Did that with my girl Kasbah and now she has a fire cracker up her ....... whatever
Good luck with the brood. How is Grff doing?


----------



## mike suttle (Feb 19, 2008)

Cute pups Don.


----------



## Don Turnipseed (Oct 8, 2006)

Edward Weiss said:


> Nice looking pups Don.
> Squat down pull on the rag not just upward,and pat em up on their ribs and flanks with your free hand.
> Liven it up, if they pull real hared let it go.....Try them one at a time.Make it toughre the next time to get it away from you.
> Did that with my girl Kasbah and now she has a fire cracker up her ....... whatever
> Good luck with the brood. How is Grff doing?


Thanks Ed.
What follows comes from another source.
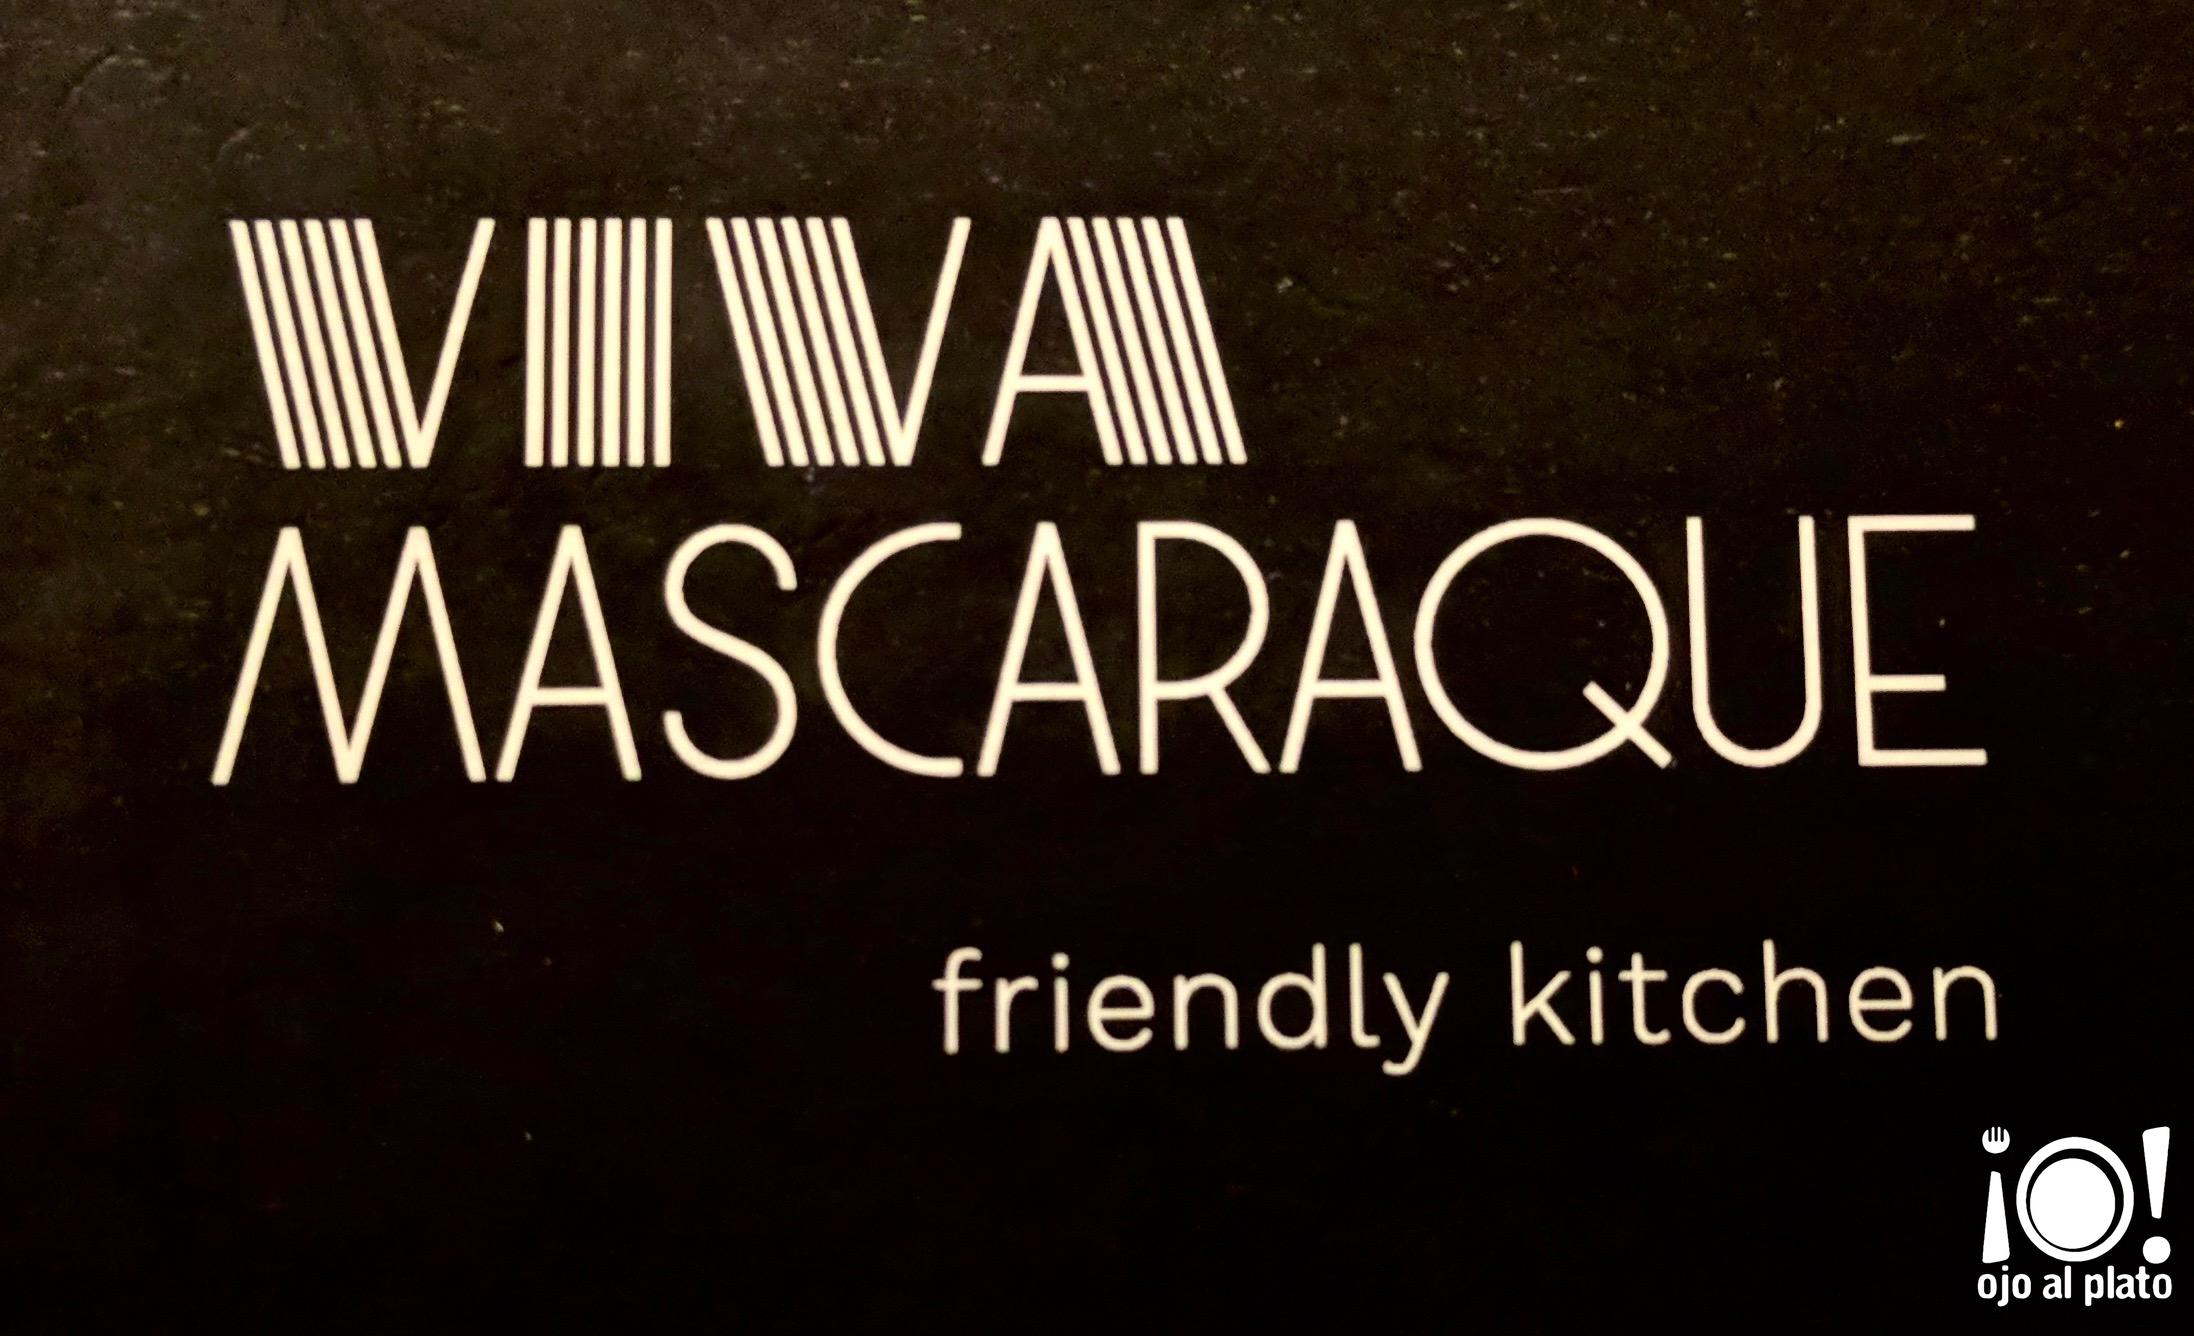 tarjeta mascaraque

Griff is doing fine and hopefully Natasha is pregnant... will know soon. Actually Ed, I am not wanting to fire them up on rags and toys....just watching the natural progression. This is the first time since the 12 week video I have even done this and got it done in about 5 minutes and put it away. Cash, the dog that lays down and hangs on doesn't show a great deal of enthusiasm for playing the game but is way more dog in all respects than the other one that gets wound up. Here is another short clip done at the same time.

http://smg.photobucket.com/albums/v401/hicntry/Griffin/?action=view&current=00138_Edit_Combine.mp4


----------



## Joby Becker (Dec 13, 2009)

don...think LURE COURSING.....not FLY FISHING....think small game running on the ground...not adolescent birds that have not mastered flying yet....

here is a video to show flirtpole use...

http://www.workingdogforum.com/vBulletin/f23/pup-playing-23376/


----------



## Don Turnipseed (Oct 8, 2006)

That is your only idea of what "the chase is Joby" Try thinking "cornered rodents" that are not running but jumping frantically looking for an opening. All the same thing. The pups catch it but they have to work for it to mean something. Kind of like back tying them without the backtie. Make it easy, they get used to easy.


----------



## Joby Becker (Dec 13, 2009)

Don Turnipseed said:


> That is your only idea of what "the chase is Joby" Try thinking "cornered rodents" that are not running but jumping frantically looking for an opening. All the same thing. The pups catch it but they have to work for it to mean something. Kind of like back tying them without the backtie. Make it easy, they get used to easy.


do cornered rodents drop from the sky into the dogs mouth? and do dogs just let go of the rodents when they grab them>?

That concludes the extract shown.